_Data segment:_
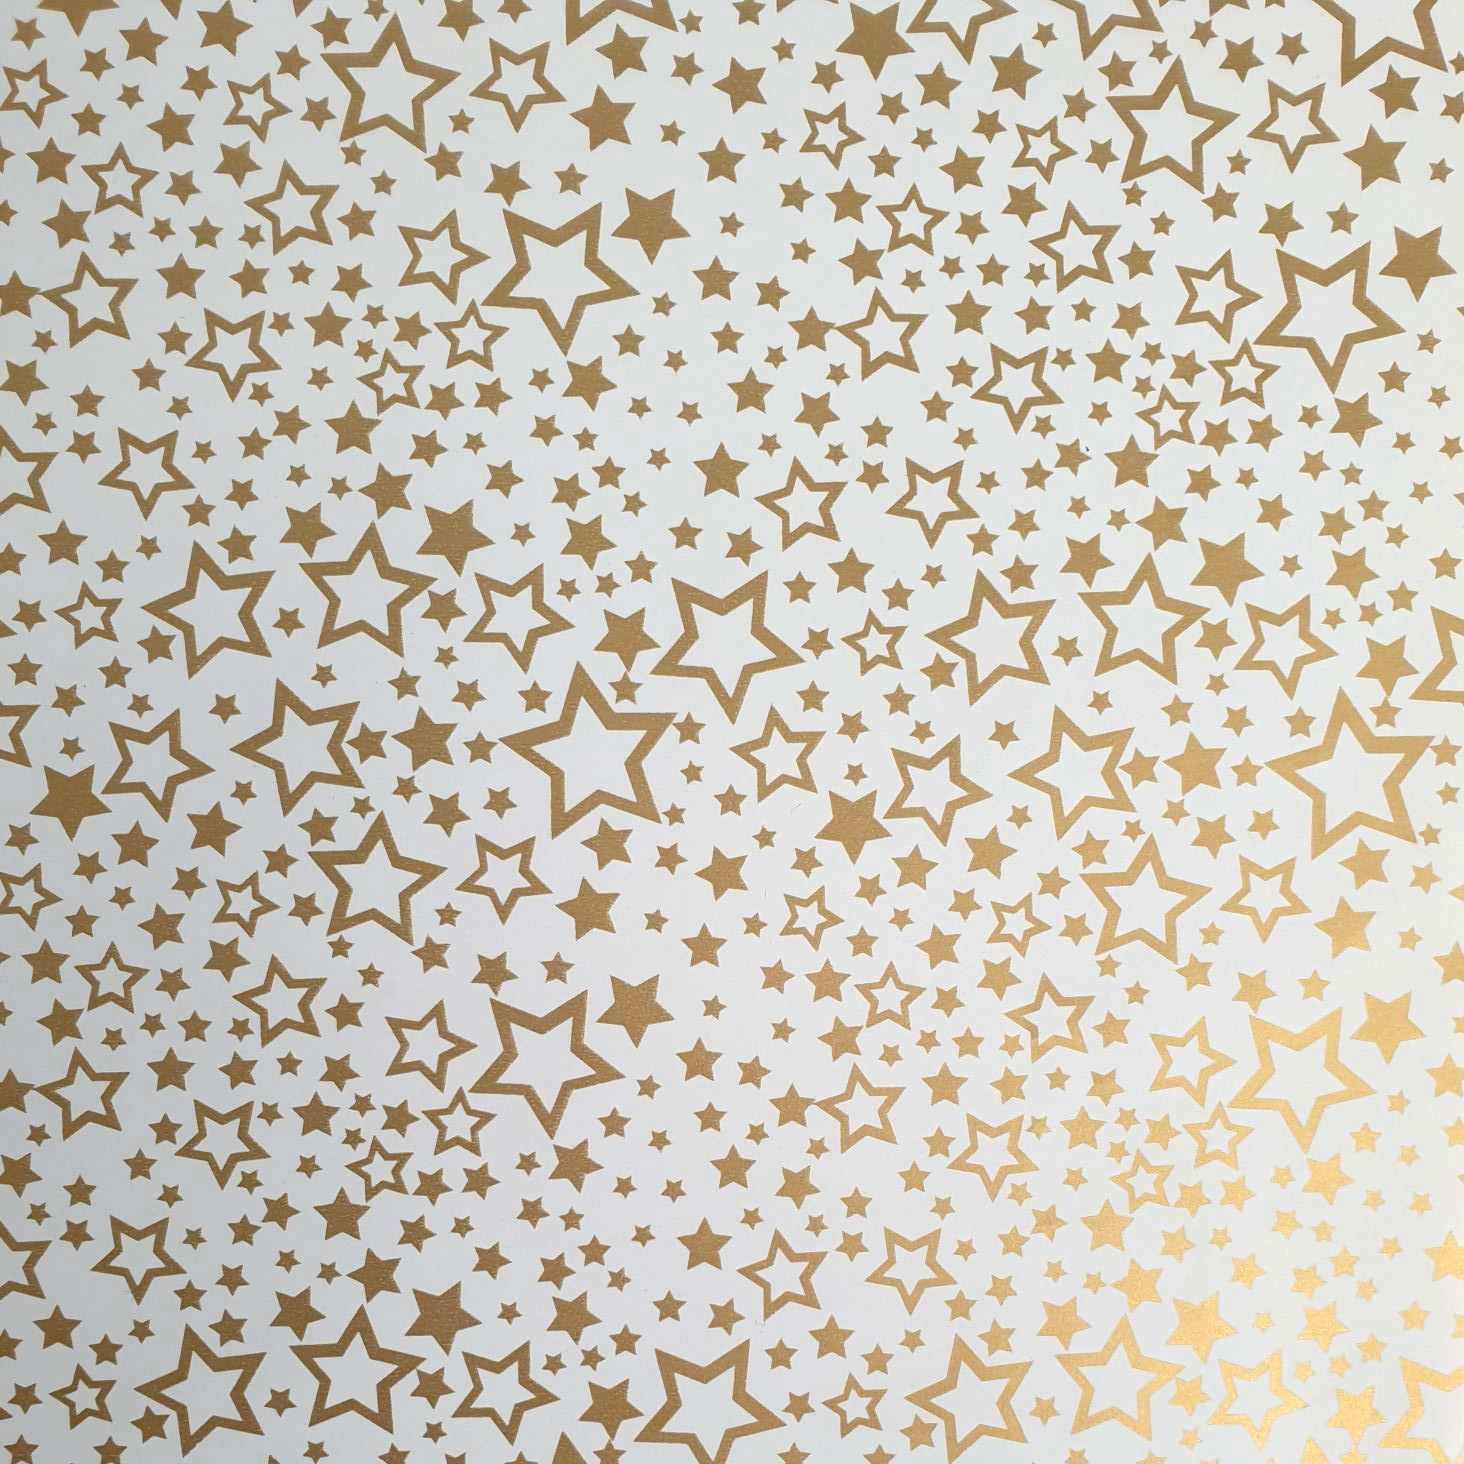 Star Geschenkpapier, Geschenkpapier Sterne Muster Rolle / gold weiß 2m 70cm x
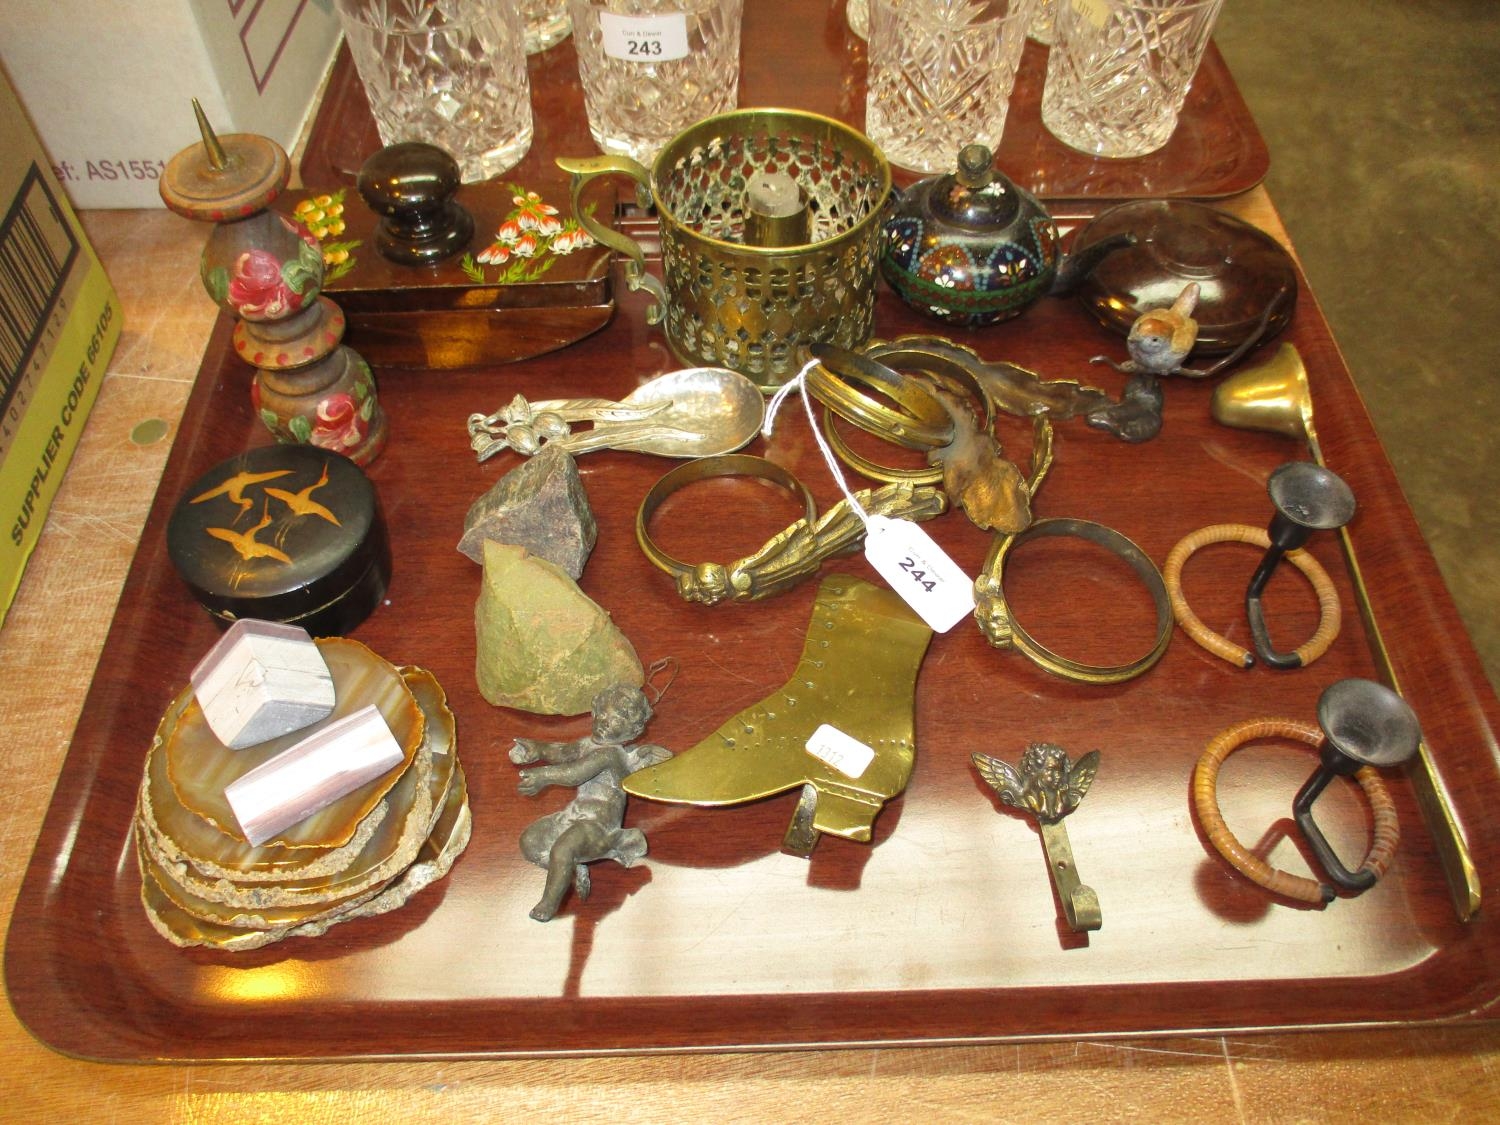 Miniature Cloisonne Enamel Teapot, Other Metalwares, Agates etc
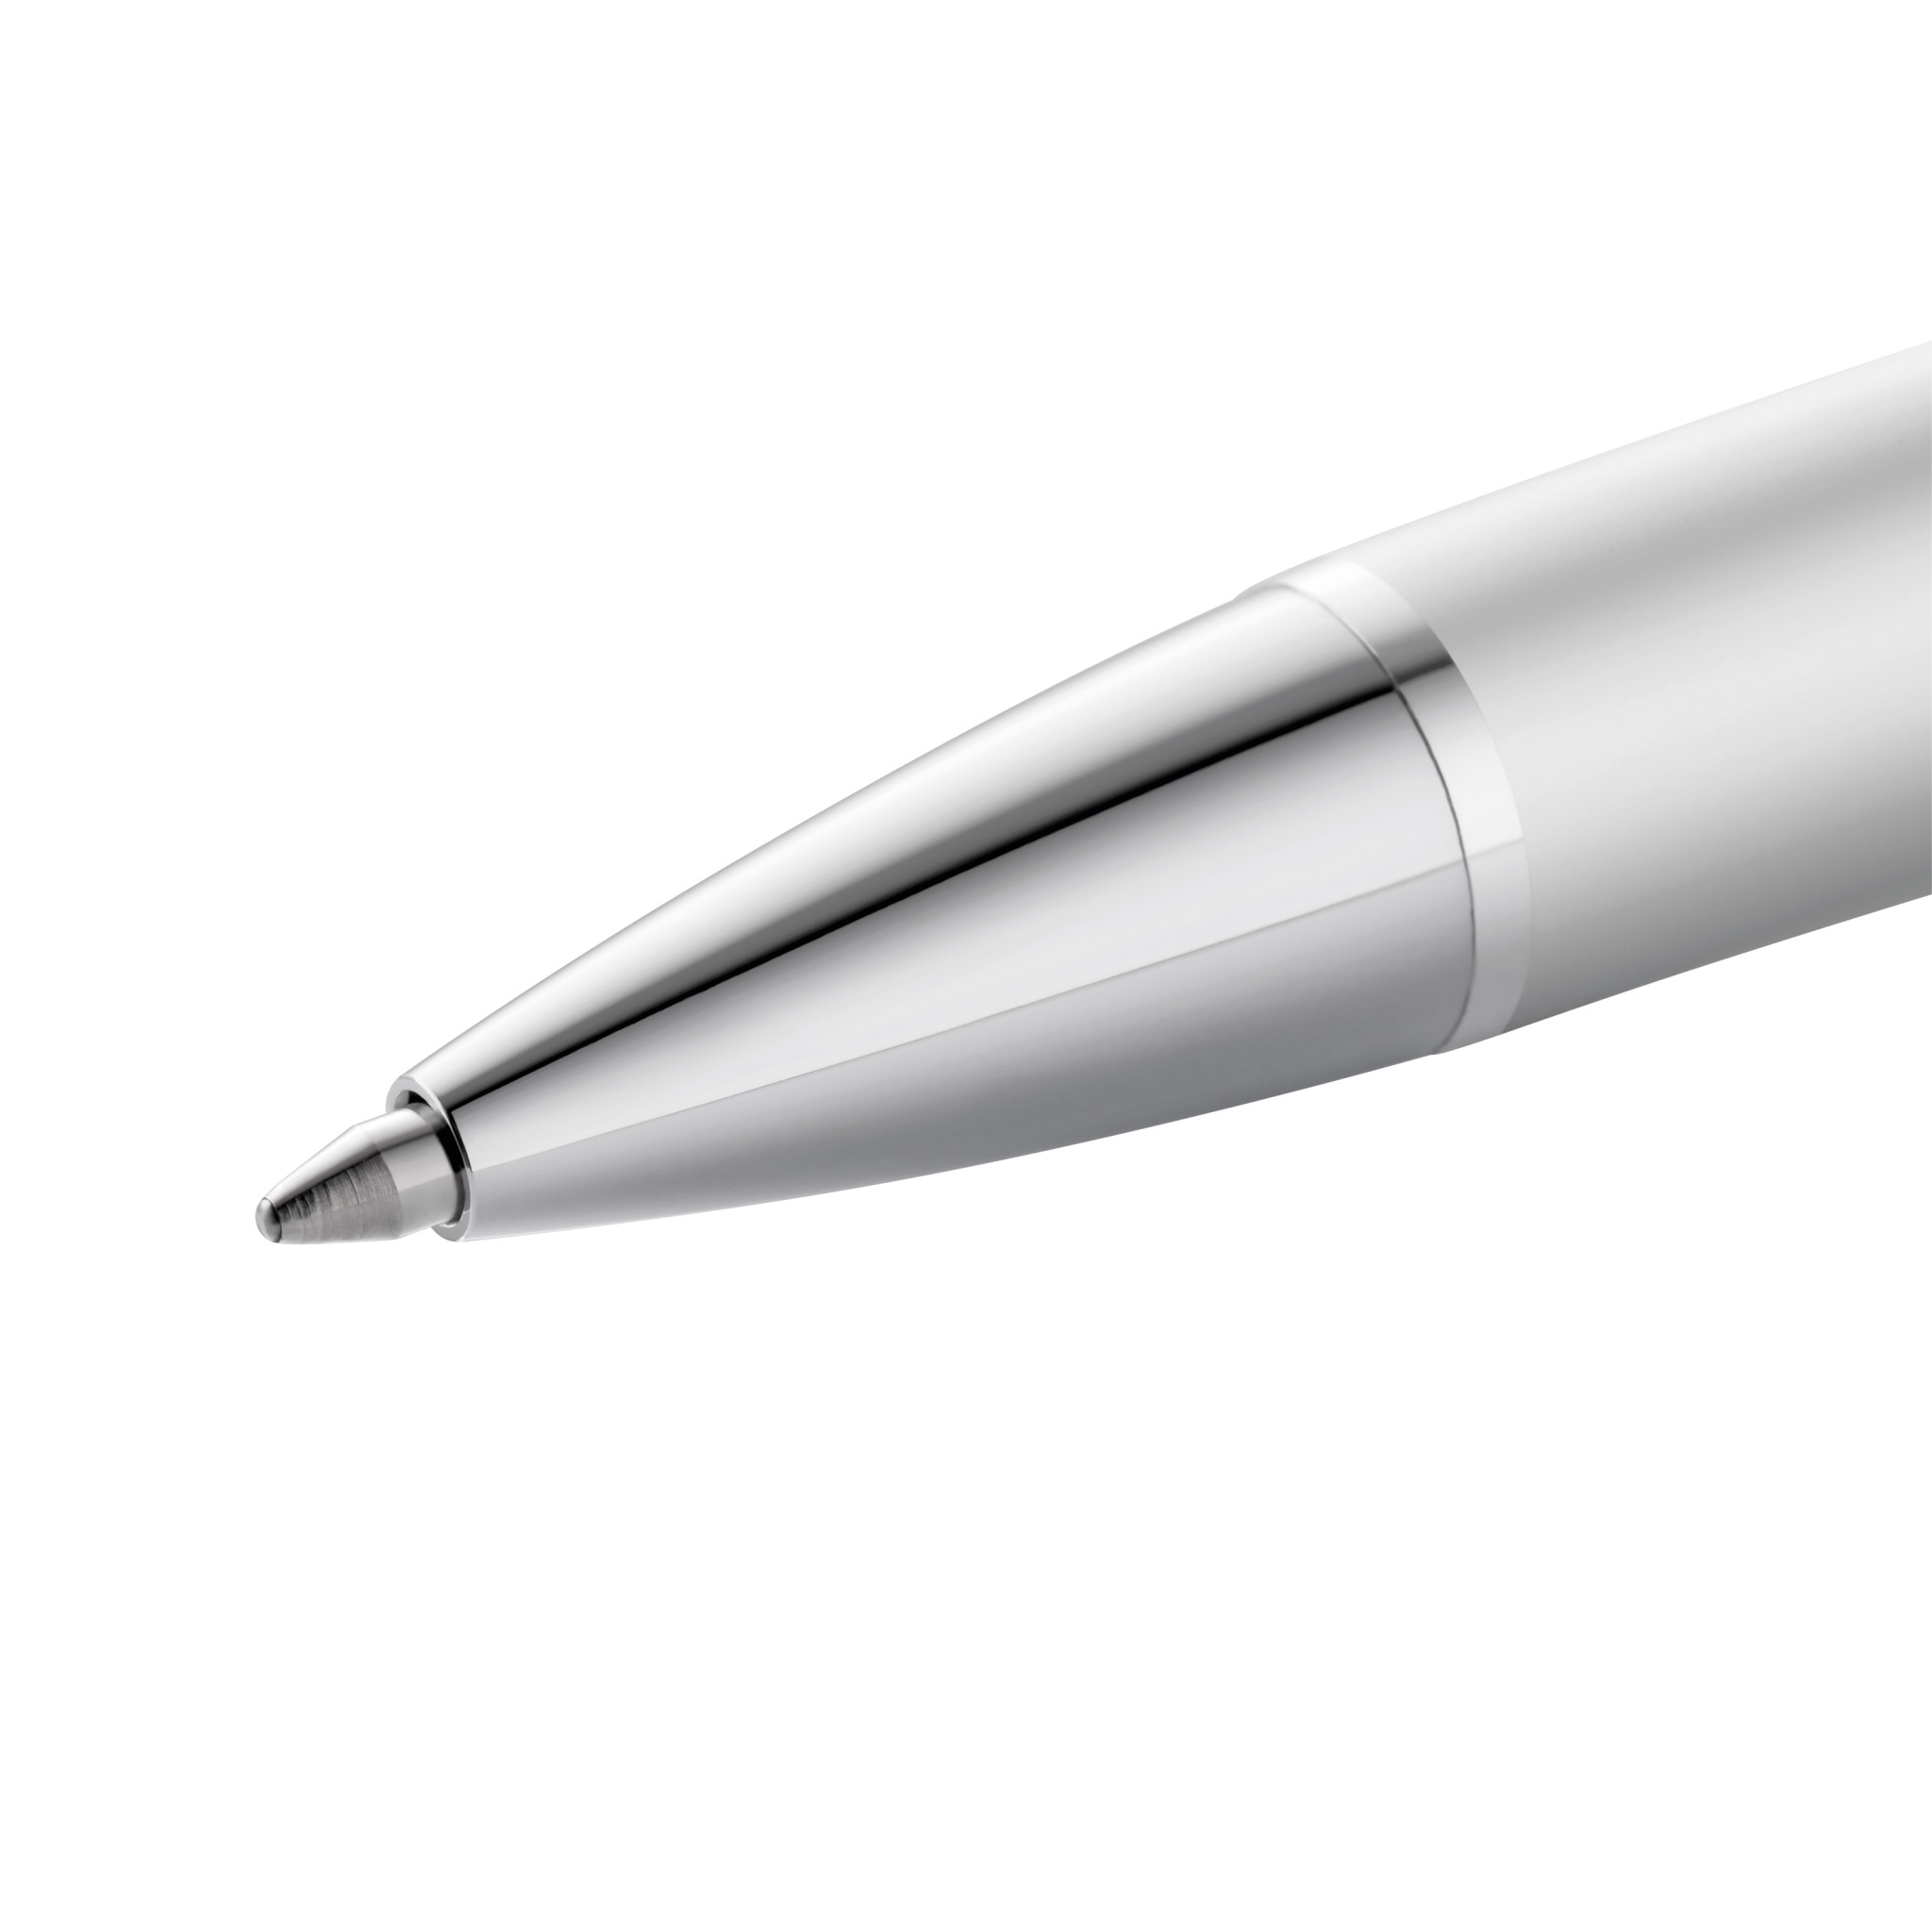 Pelikan Ballpoint Pen Pura® K40 Petrol

_What you are asked to do:_
The whole listing above, minus its pictures, is what you should write out word for word.

_Final answer:_
 Star Geschenkpapier, Geschenkpapier Sterne Muster Rolle / gold weiß 2m 70cm x
 Miniature Cloisonne Enamel Teapot, Other Metalwares, Agates etc
 Pelikan Ballpoint Pen Pura® K40 Petrol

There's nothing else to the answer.